(SUPPLIED MATERIAL)

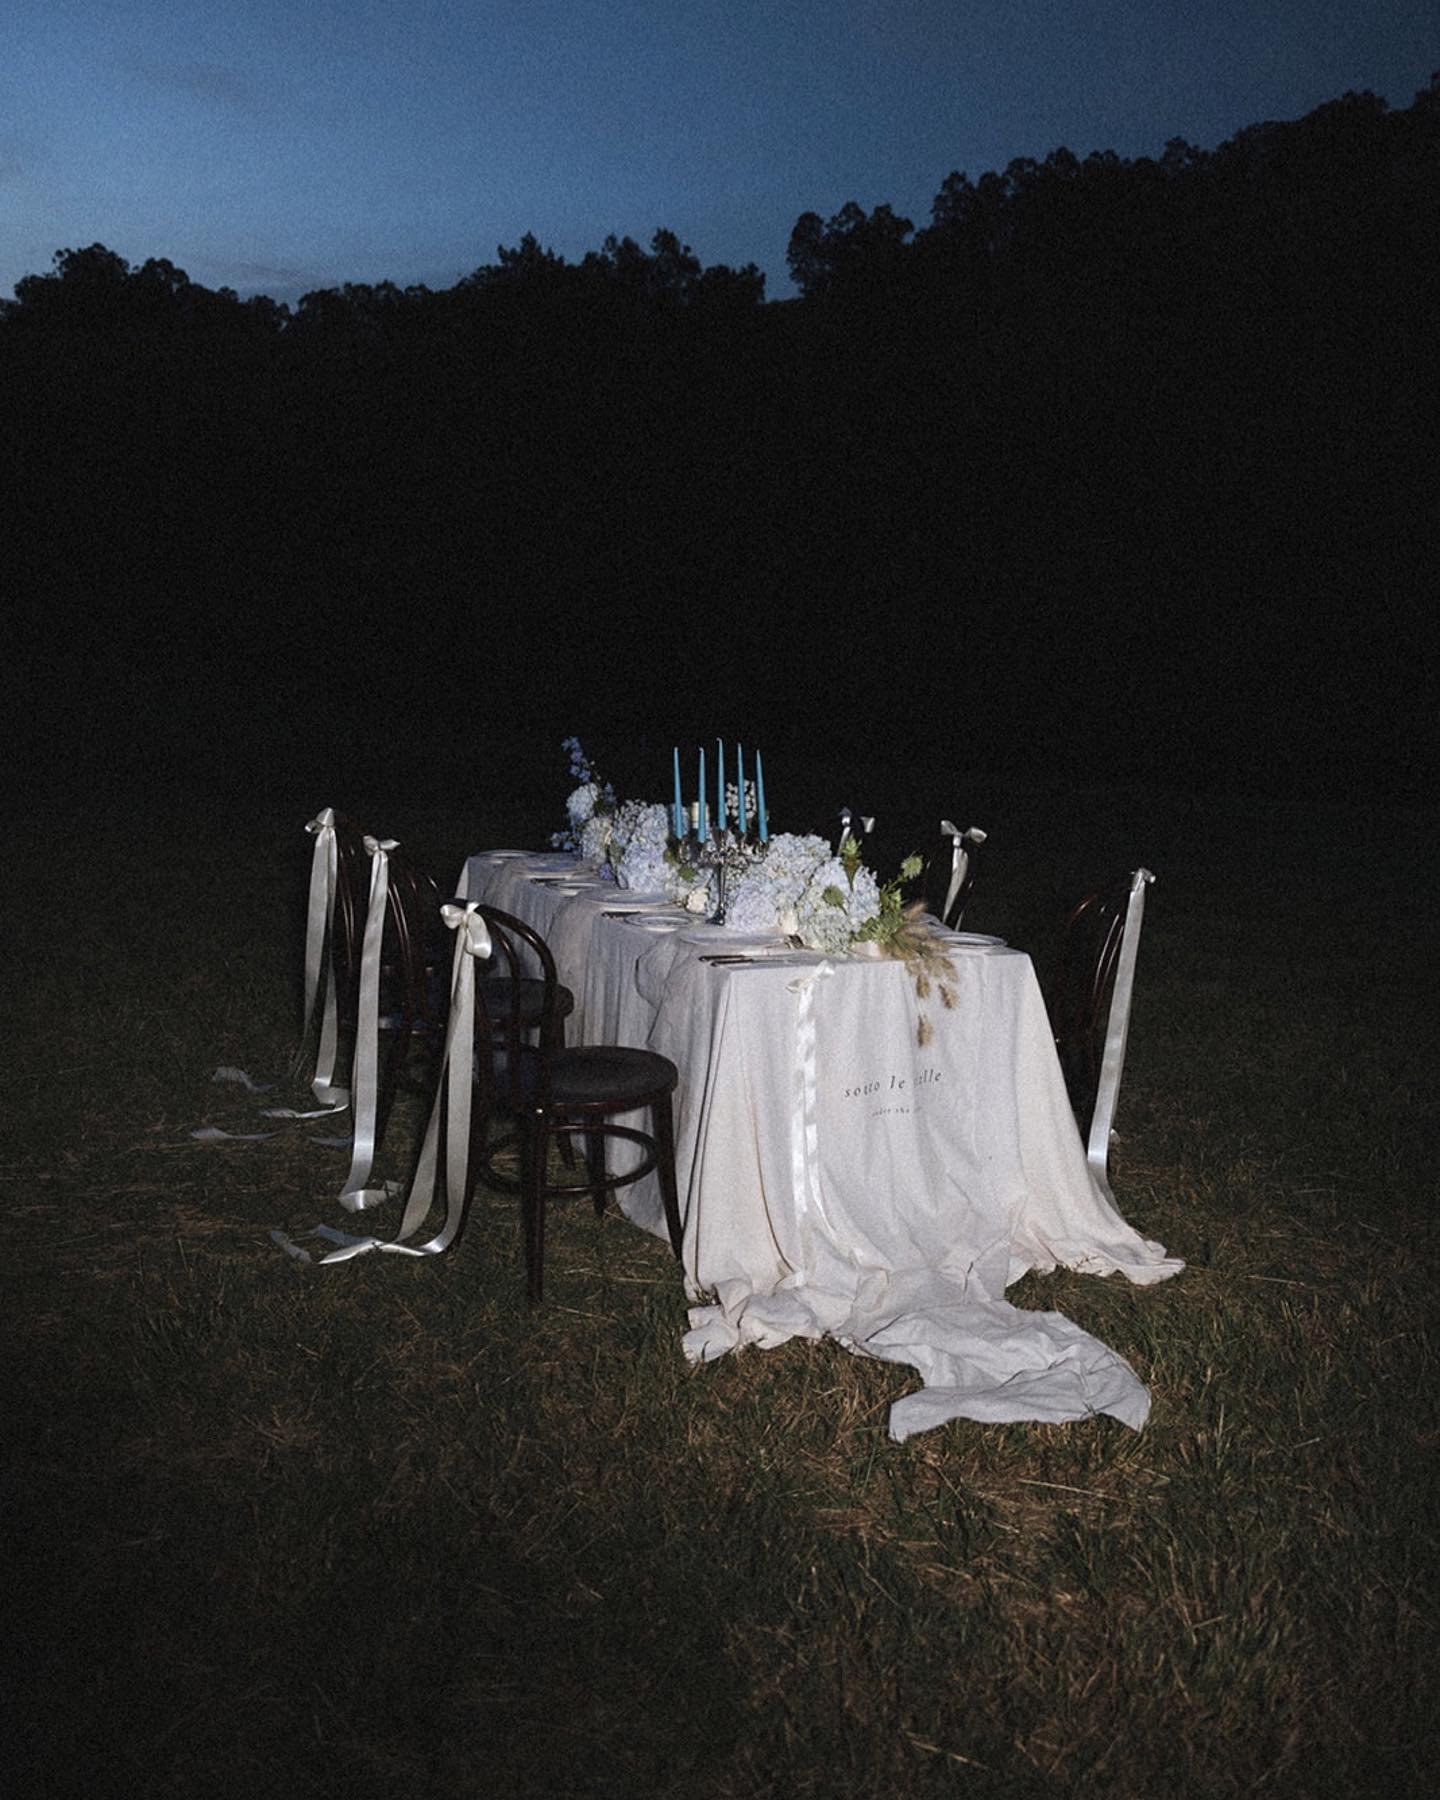 Bleu | sweet cakes hidden in table blooms, bows on bentwood chairs, tulle and menu musings on hand made paper, farewell to the sun and look forward to a night under the stars ✨ 

It was only fitting that for our final scene of this series we shot in 
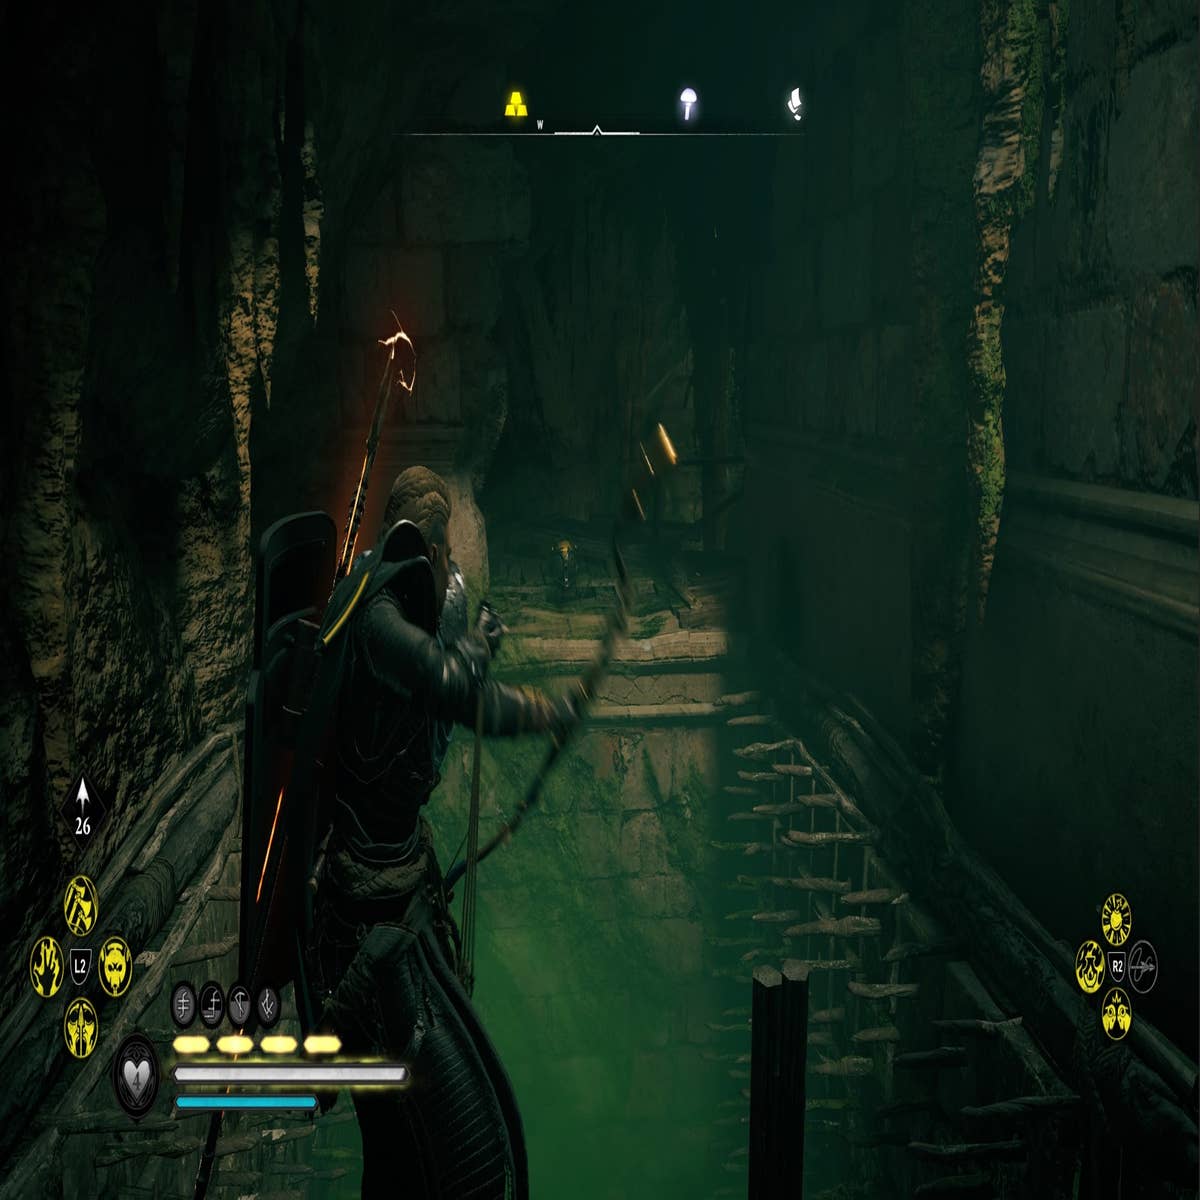 Assassin's Creed Valhalla: 9 New Images From the Gameplay Trailer

(End SUPPLIED MATERIAL)

__YOUR TASK__
Your answer must be an exact copy of the listing, with every picture omitted.

__WRITTEN REPLY__
 Bleu | sweet cakes hidden in table blooms, bows on bentwood chairs, tulle and menu musings on hand made paper, farewell to the sun and look forward to a night under the stars ✨ 

It was only fitting that for our final scene of this series we shot in 
 Assassin's Creed Valhalla: 9 New Images From the Gameplay Trailer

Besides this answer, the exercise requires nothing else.